As for René Redzepi, his restaurant noma is set to close at the end of 2024 after years of presenting diners with audacious local fare that utilized techniques like dehydrating and fermenting. The Copenhagen restaurant was famous for being impossible to book and for the experience that Redzepi and his staff gave to their diners; it even served as an inspiration for Mark Mylod’s cutting 2022 satire “The Menu” according to one of its production designers (via Thrillist). In real life, Redzepi also spent some time working at The French Laundry, where Carmy is also seen training as a chef elsewhere in the season.
The Season 3 premiere of The Bear is an ambitious, unsettling, and incredible opening episode
The wild ride that takes place in Carmy’s head in “Tomorrow” picks up where Season 2 left off — specifically, in the immediate aftermath of Carmy’s massive meltdown when he gets stuck in the walk-in fridge at The Bear during their inaugural service for friends and family. After screaming through the door about how his relationship with his girlfriend Claire (Molly Gordob) will stop him from achieving the career he wants — which she hears — Carmy is trapped as his staff carries on without him, and the next morning, he’s alone in his restaurant and forced to re-evaluate everything. While he prepares what appears to be an entirely new menu, crafting so carefully that he becomes obsessive, Carmy wanders through his own recollections, remembering everything from the mentors who helped (and harmed) him to the most traumatic moments the Berzatto family has shared together — even showing scenes that haven’t been a part of the series just yet.
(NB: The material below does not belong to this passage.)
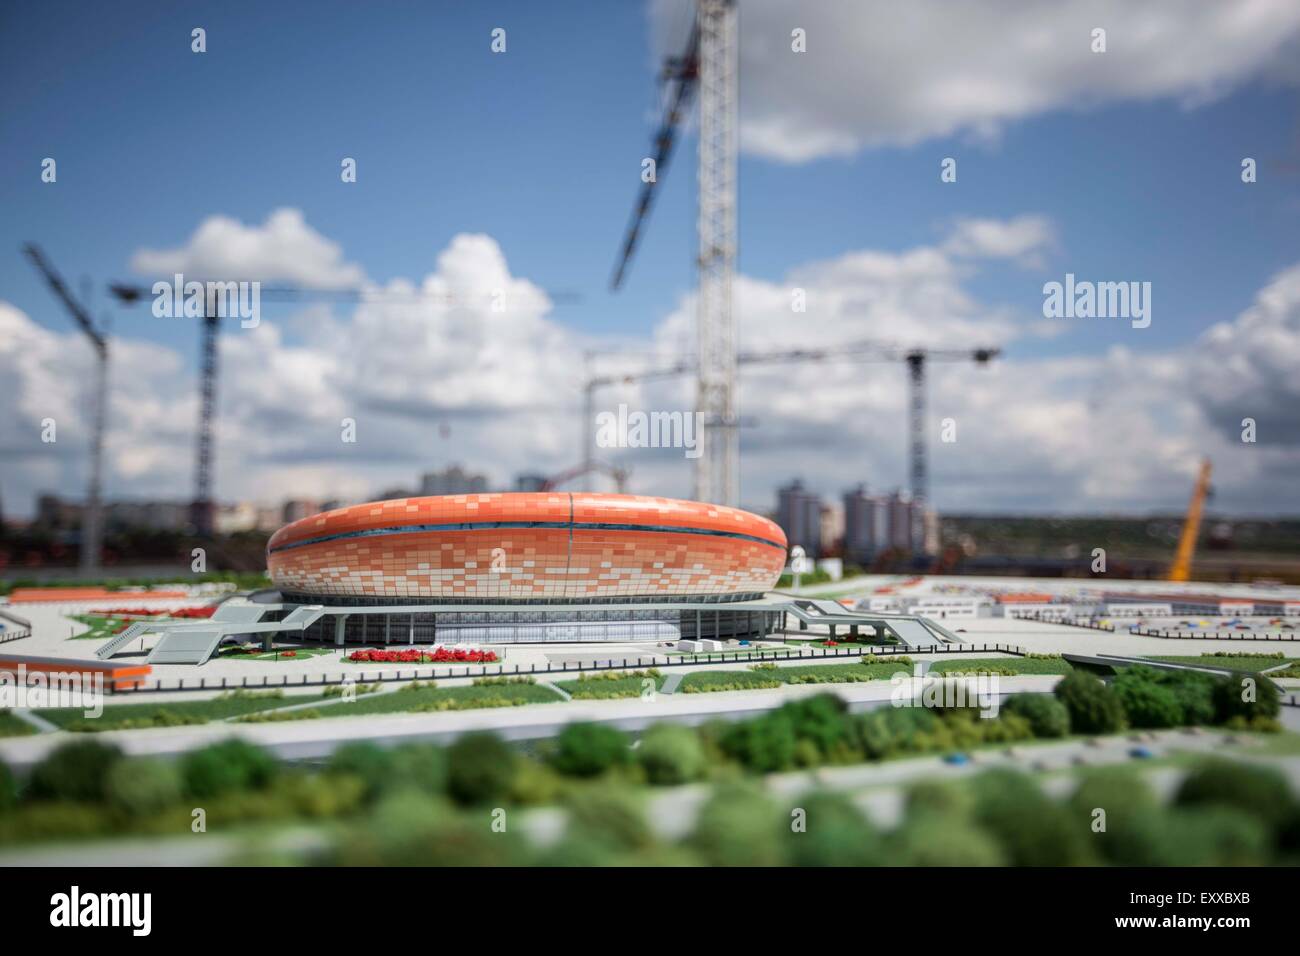 (150717) -- SARANSK, July 17, 2015 (XINHUA) -- Photo taken on July 17, 2015 shows the model seen at the construction site of the Mordovia Arena in Saransk, Russia. Russia will host the FIFA World Cup soccer tournament in 2018. (Xinhua/Li Ming)(wll) Stock Photo

In an interview with The Hollywood Reporter, Jeremy Allen White said that he loved this episode’s approach to the inner workings of Carmy’s troubled psyche, saying, “It felt like walking around in somebody’s mind. It felt very fresh and new. It felt very exciting in its structure and style. It felt different, while also being very much at the heart of the same tone as the show.” The ambitious episode certainly sets the tone for Season 3, and it was pretty brilliant of showrunner, creator, and “Tomorrow” director Christopher Storer — alongside his co-writer Matty Matheson, who plays Neil Fak on the series as well — to include two real chefs in the story.
“The Bear” is streaming on Hulu now.